### Recorded data
★ ★ ★ ★ ★ ★ ★

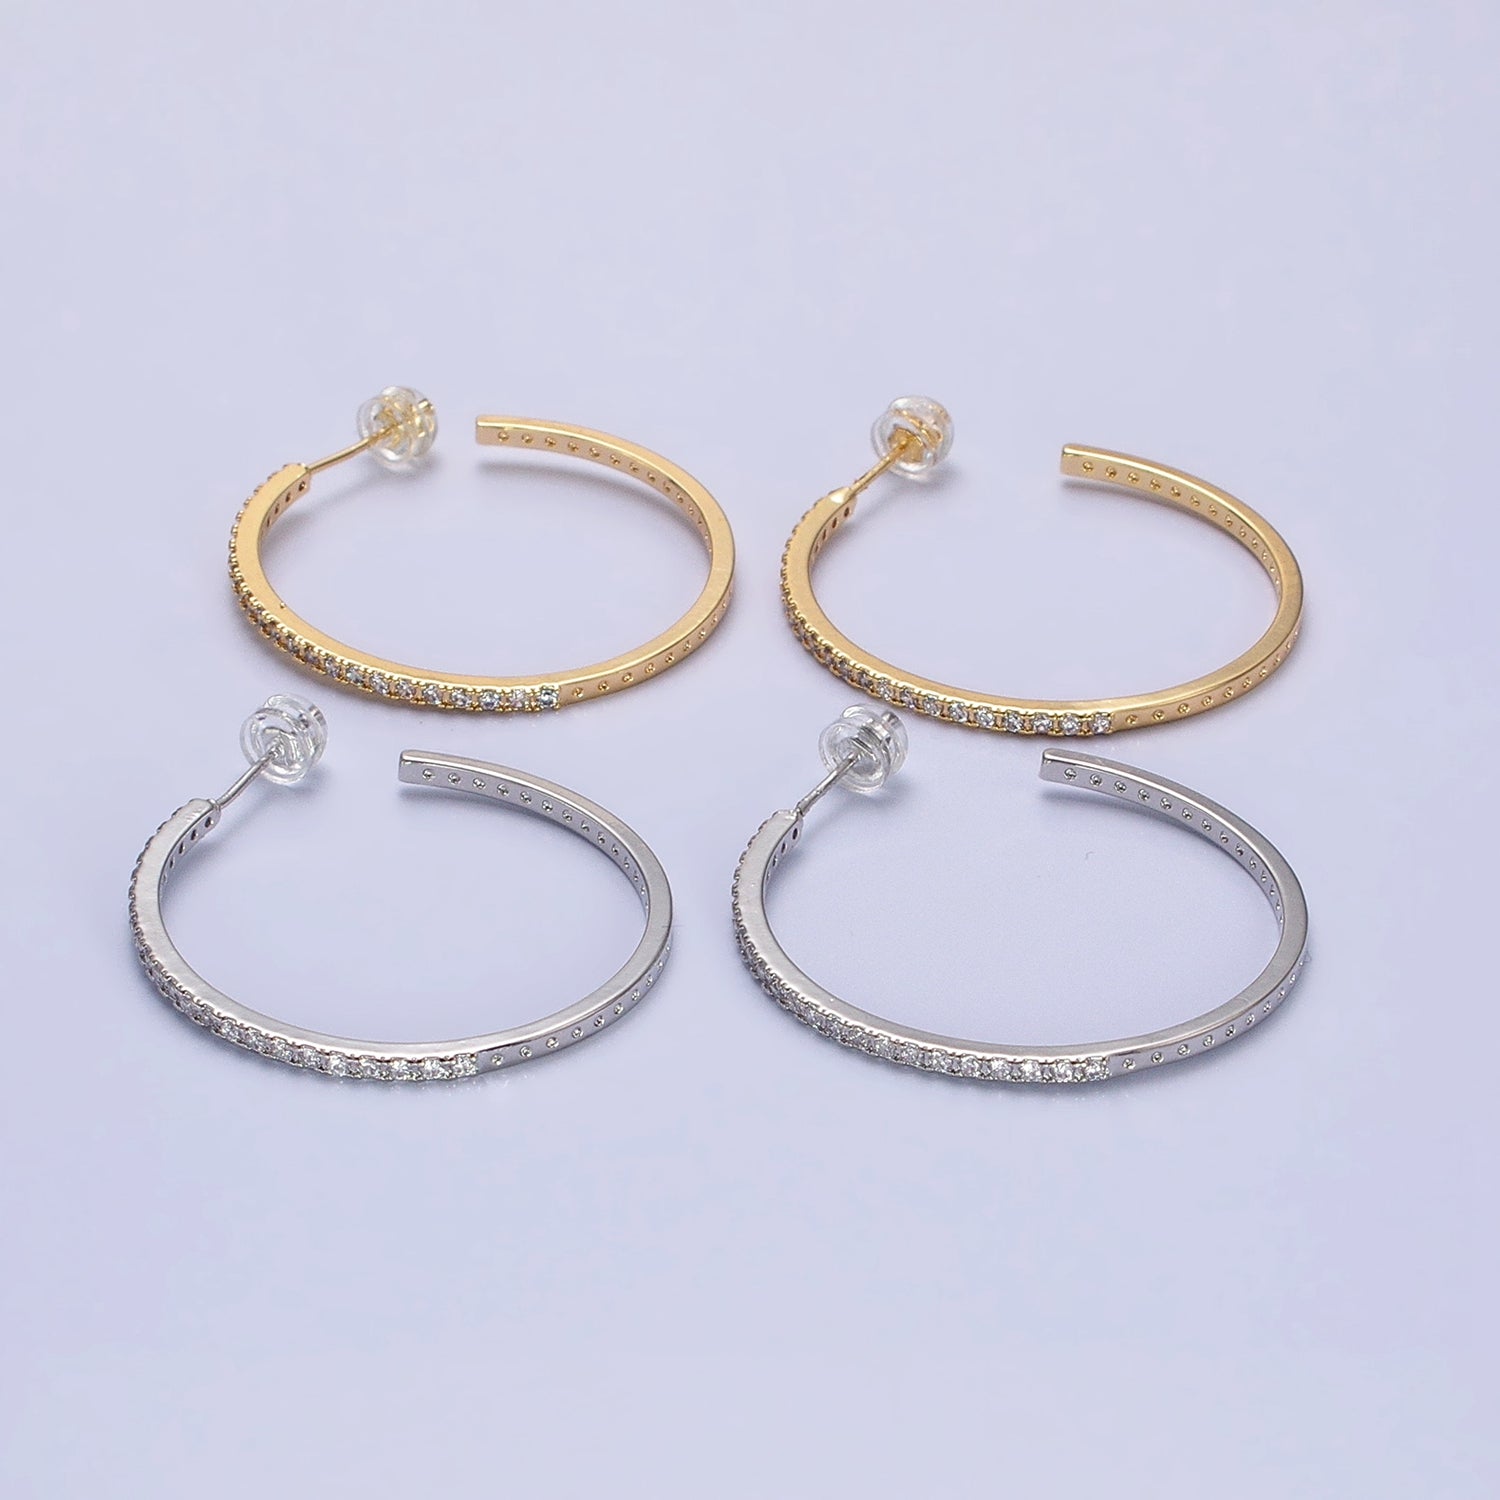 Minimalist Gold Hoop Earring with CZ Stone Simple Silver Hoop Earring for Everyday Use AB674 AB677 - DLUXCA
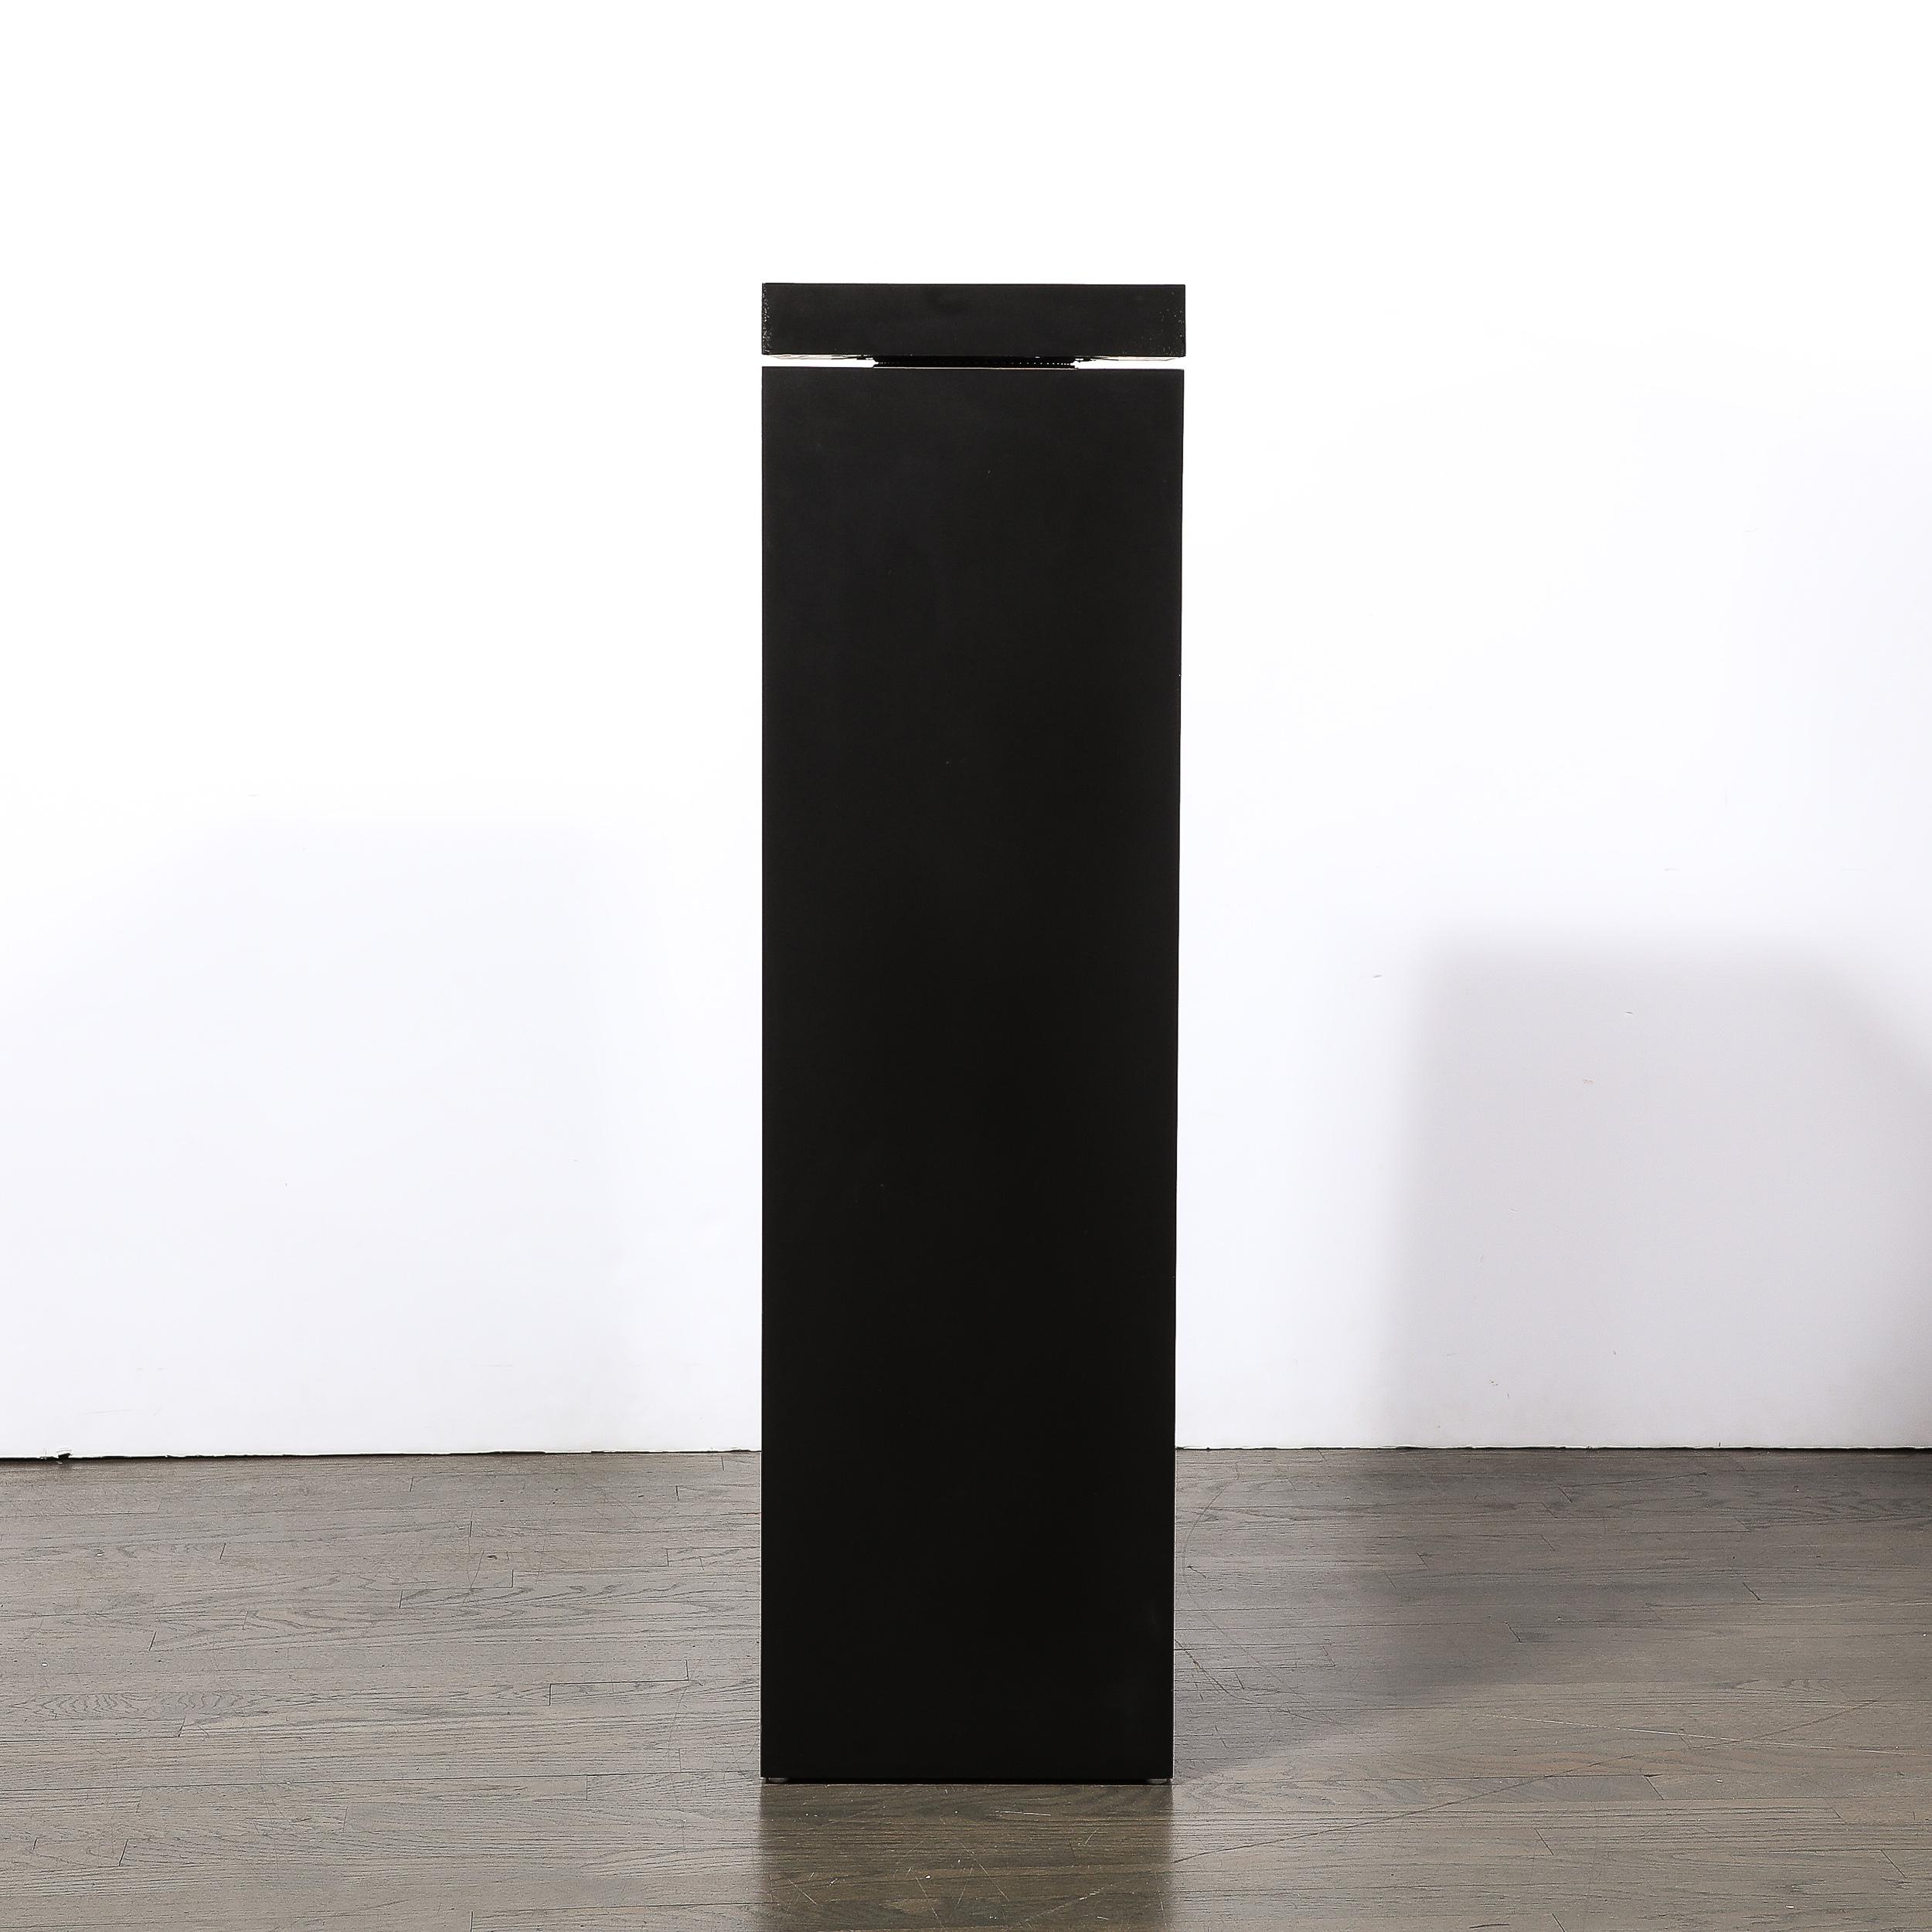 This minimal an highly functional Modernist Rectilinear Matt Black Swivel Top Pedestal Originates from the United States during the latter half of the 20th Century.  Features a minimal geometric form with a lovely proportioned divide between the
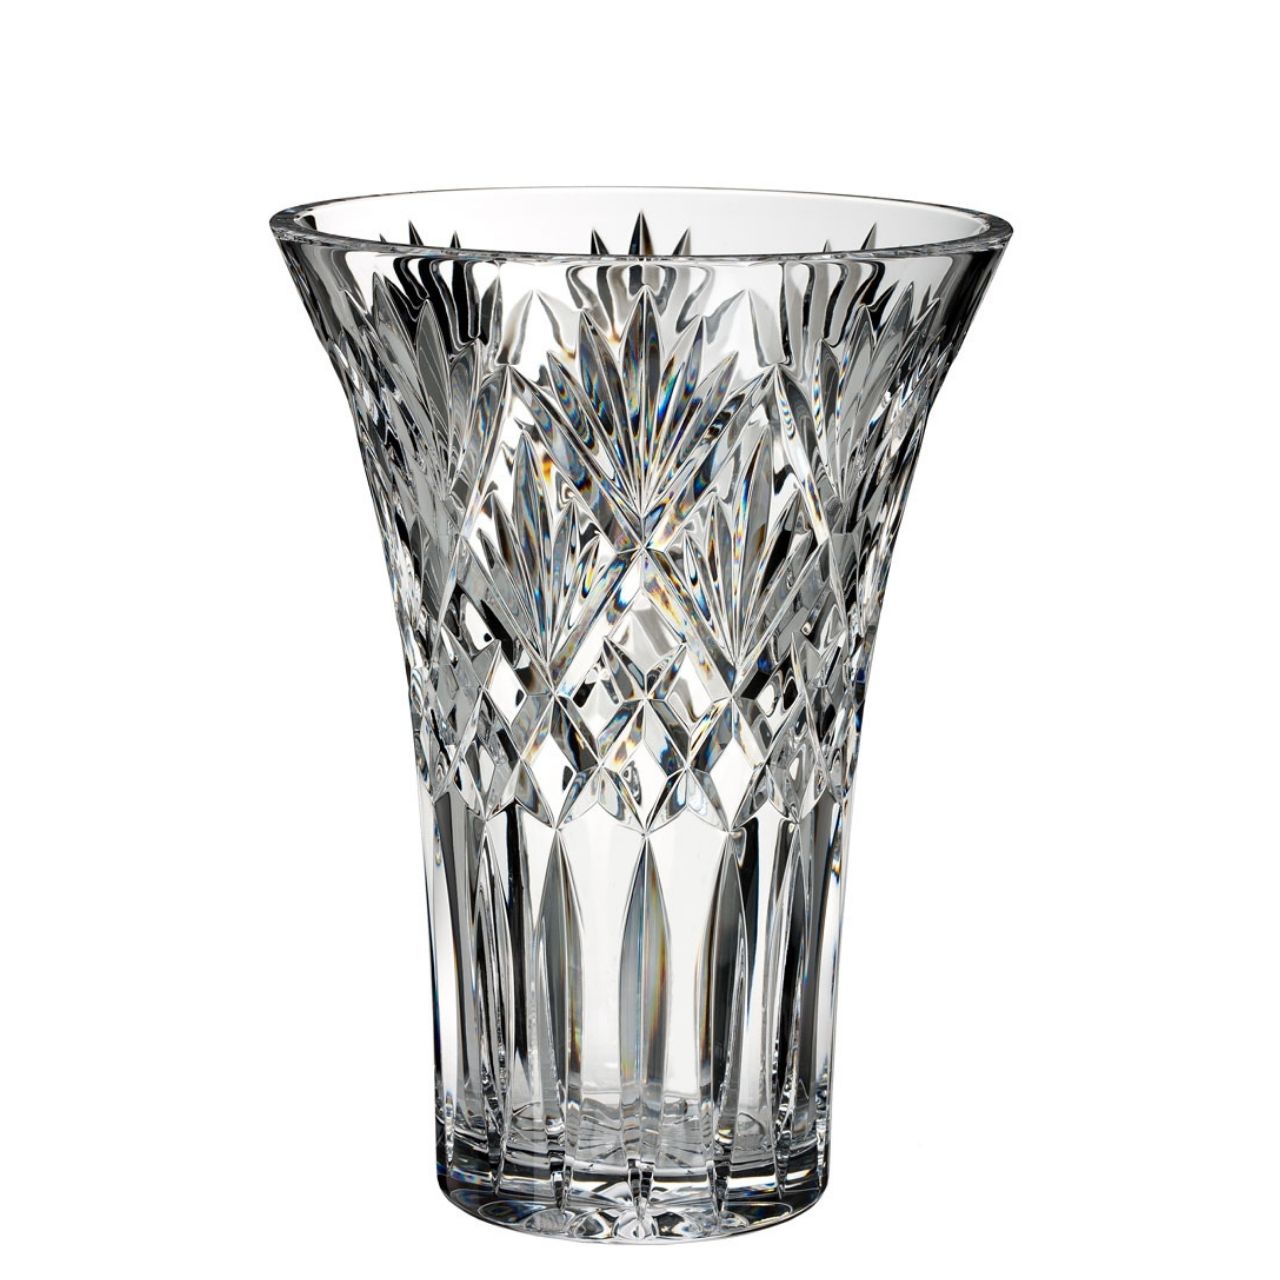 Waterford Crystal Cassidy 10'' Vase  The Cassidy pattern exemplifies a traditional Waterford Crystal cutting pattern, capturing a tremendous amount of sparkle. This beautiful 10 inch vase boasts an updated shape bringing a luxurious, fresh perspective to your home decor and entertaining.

★ ★ ★ ★ ★ ★ ★

The answer must be the lines above from the line that contains "This minimal an" to the final line of the data, word for word, with no pictures.

### Solution for this exercise
 This minimal an highly functional Modernist Rectilinear Matt Black Swivel Top Pedestal Originates from the United States during the latter half of the 20th Century.  Features a minimal geometric form with a lovely proportioned divide between the
 Waterford Crystal Cassidy 10'' Vase  The Cassidy pattern exemplifies a traditional Waterford Crystal cutting pattern, capturing a tremendous amount of sparkle. This beautiful 10 inch vase boasts an updated shape bringing a luxurious, fresh perspective to your home decor and entertaining.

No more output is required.